14. COLLECTION COSTS

  1. If the payment term is exceeded, a default interest of 1% per month will be due on the outstanding amount from the last day that payment should have taken place. If STUDIO.WHY outsources its claim for collection, you also owe the collection costs, which are at least fifteen percent (15%) of the outstanding amount, without prejudice to the authority of STUDIO.WHY to claim the actual extrajudicial collection costs instead.
  2. If STUDIO.WHY has incurred higher costs, which were reasonably necessary, these are also eligible for reimbursement.
  3. The possible by STUDIO.WHY incurred reasonable judicial and execution costs are also for the account of the client.
  4. The Client owes the statutory interest on the collection costs incurred.

15. LIABILITY

If STUDIO.WHY is liable, then that liability is limited as follows:

  1. The liability of STUDIO.WHY, insofar as it is covered by its liability insurance, is limited to the amount of the payment made by the insurer.
  2. If the insurer in any case does not pay out or damage is not covered by the insurance, the liability of STUDIO.WHY limits to twice the invoice value of the assignment, at least that part of the assignment to which the liability relates.
  3. Contrary to what is stipulated above in paragraph 2 of this article, in the case of an assignment with a duration longer than six months, the liability is further limited to the price due over the last six months.
  4. The limitations of liability included in these terms and conditions do not apply if the damage is due to intent or gross negligence on the part of STUDIO.WHY or its subordinates.
  5. STUDIO.WHY is never liable for indirect damage, including consequential damage, loss of profit, missed savings and damage due to business stagnation.

16. FORCE MAJEURE

  1. Force majeure is understood in these general terms and conditions in addition to what is understood in the law and jurisprudence in this regard, all external causes, foreseen or unforeseen, on which STUDIO.WHY cannot exert any influence, but as a result STUDIO.WHY is unable to meet its obligations.

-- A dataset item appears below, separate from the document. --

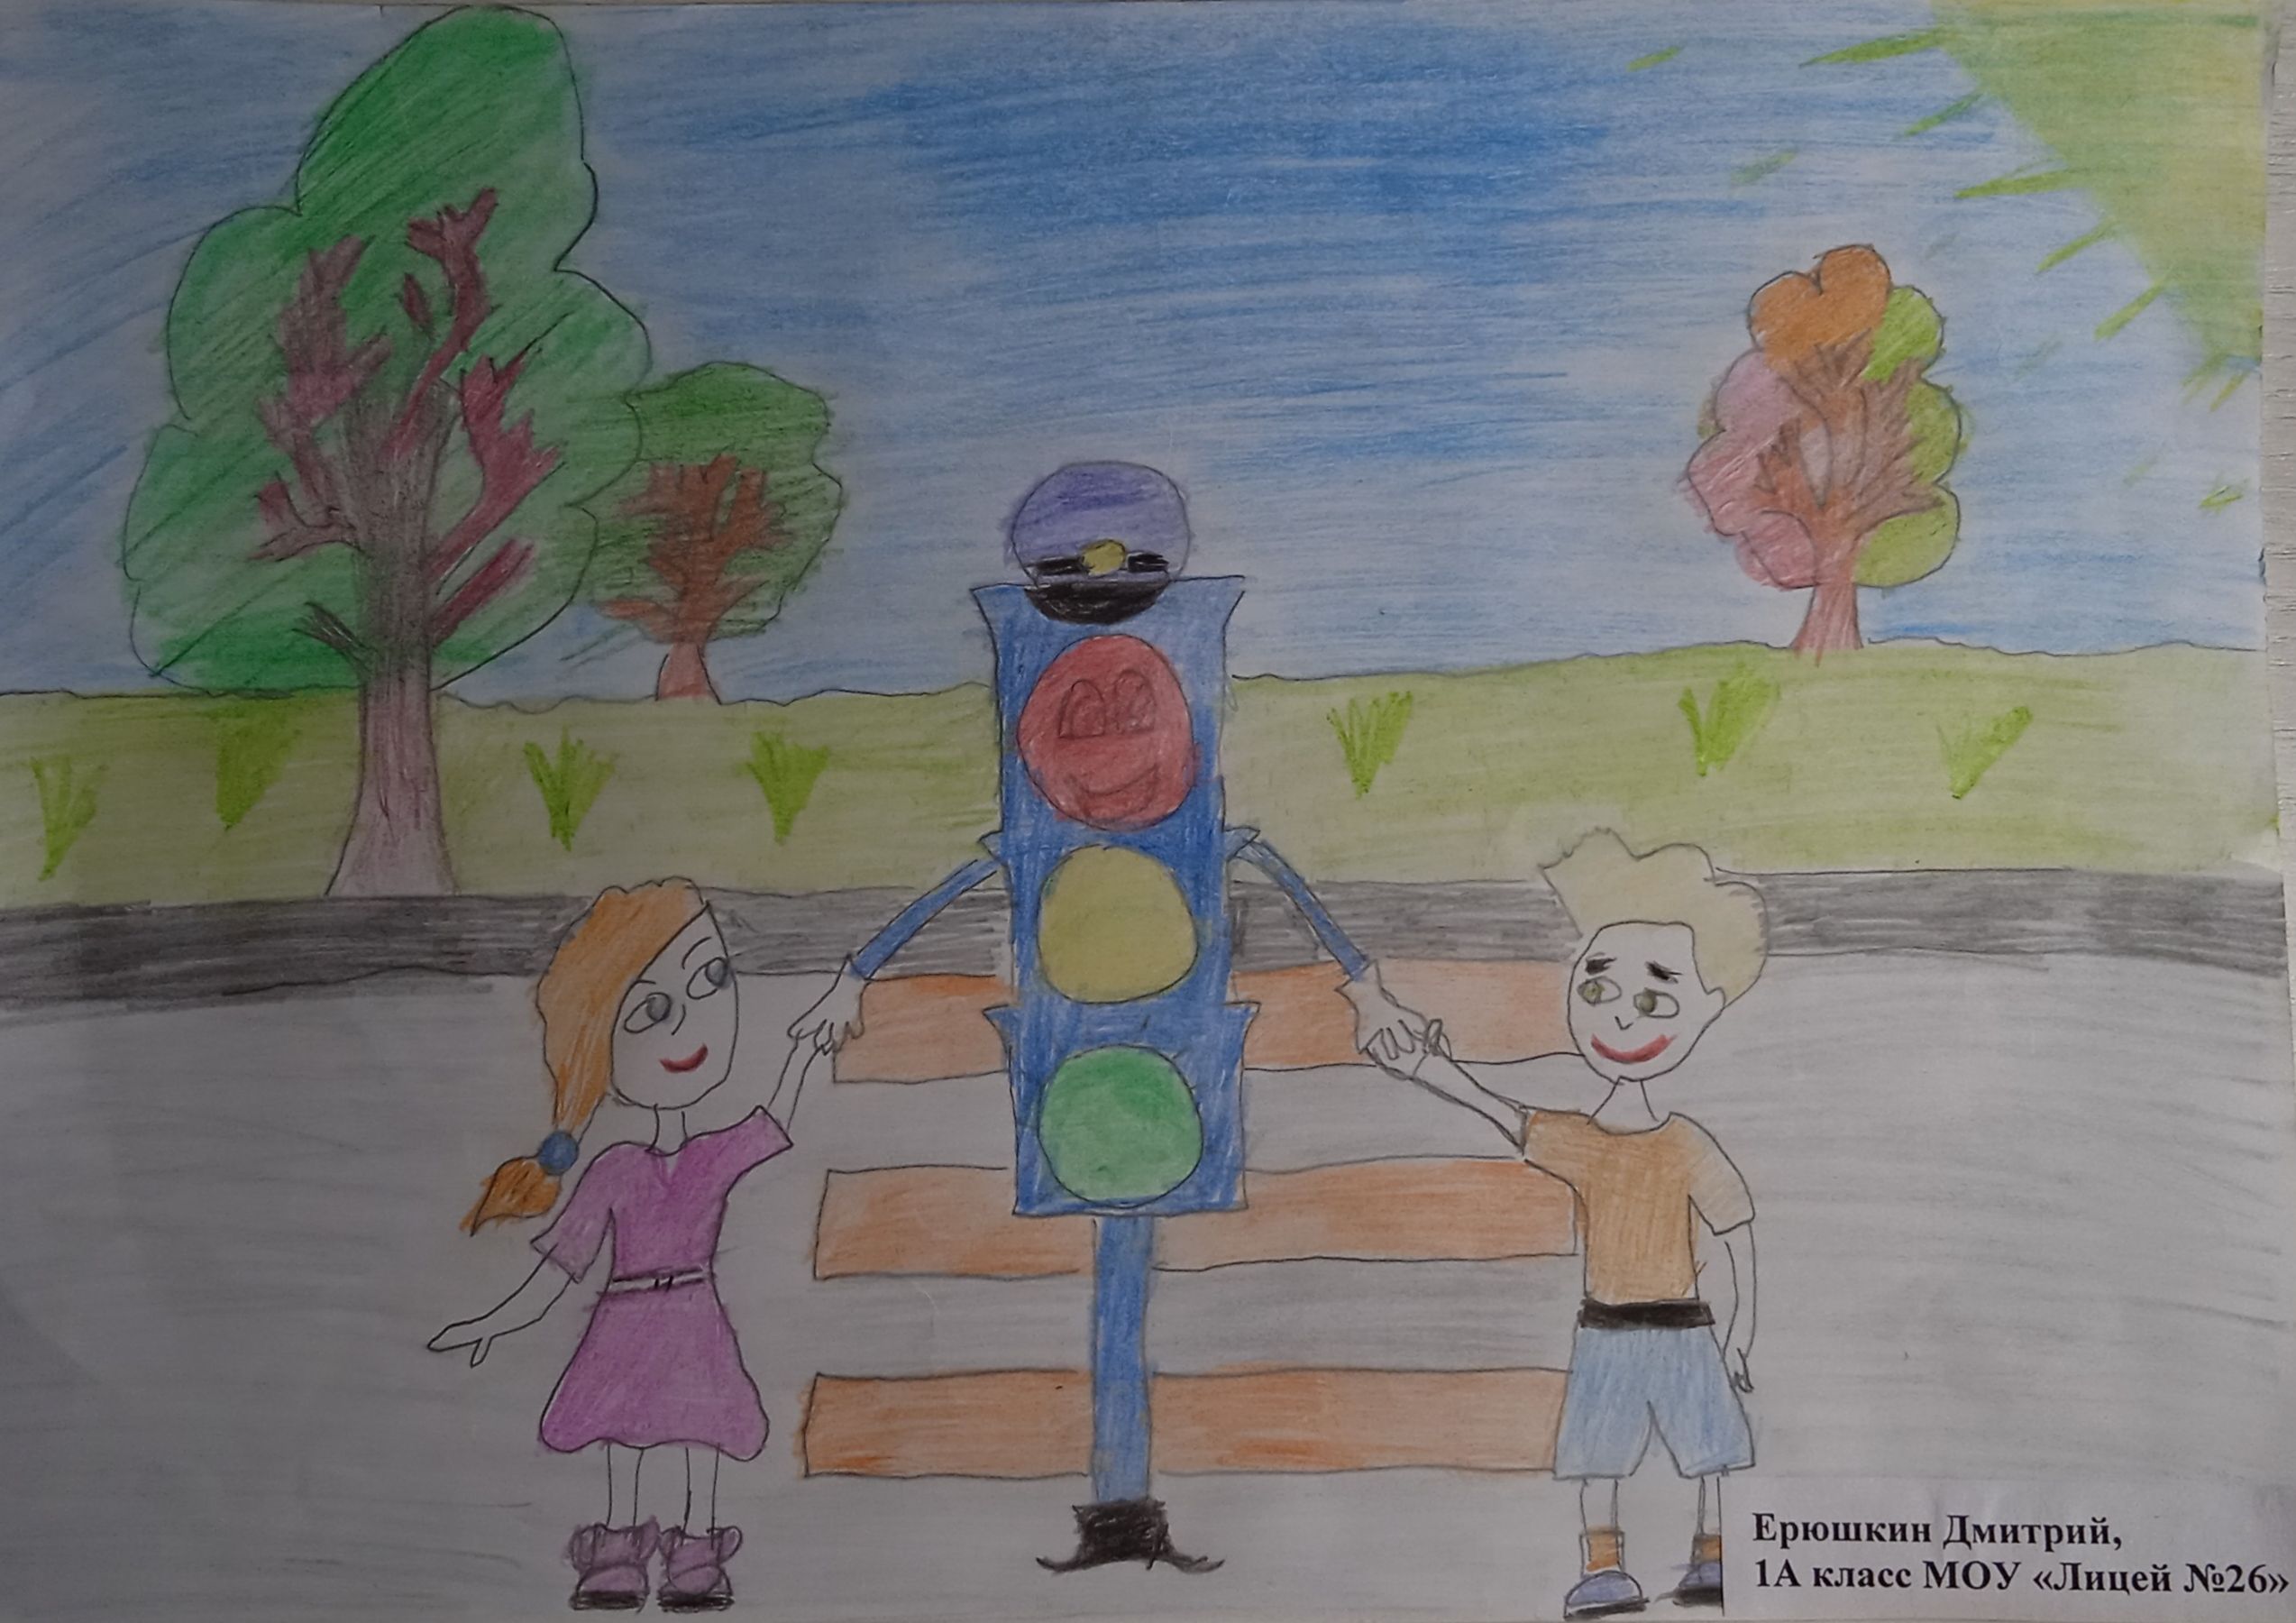 Безопасная дорога детям рисунки детский сад

Strikes in the company of STUDIO.WHY are included.
  2. STUDIO.WHY also has the right to invoke force majeure if the circumstance that prevents (further) performance occurs after STUDIO.WHY should have fulfilled its commitment.
  3. During force majeure, the obligations of STUDIO.WHY is suspended. If the period in which due to force majeure fulfilment of the obligations by STUDIO.WHY is not possible lasts longer than 2 months, both parties are authorized to dissolve the agreement without there being an obligation to pay compensation in that case.
  4. If STUDIO.WHY has already partially fulfilled its obligations upon the occurrence of the force majeure, or can only partially meet its obligations, it is entitled to invoice the already executed or enforceable part separately and the client is obliged to pay this invoice as if it were a separate contract. However, this does not apply if the already exported or executable part has no independent value.

17. DISPUTE RESOLUTION

The court in ‘s-Hertogenbosch has exclusive jurisdiction to hear disputes, unless the subdistrict court has jurisdiction. Nevertheless, STUDIO.WHY has the right to summon its counterparty before the competent court according to the law.

18. APPLICABLE LAW

On any agreement between STUDIO.WHY and the client is governed by Dutch law.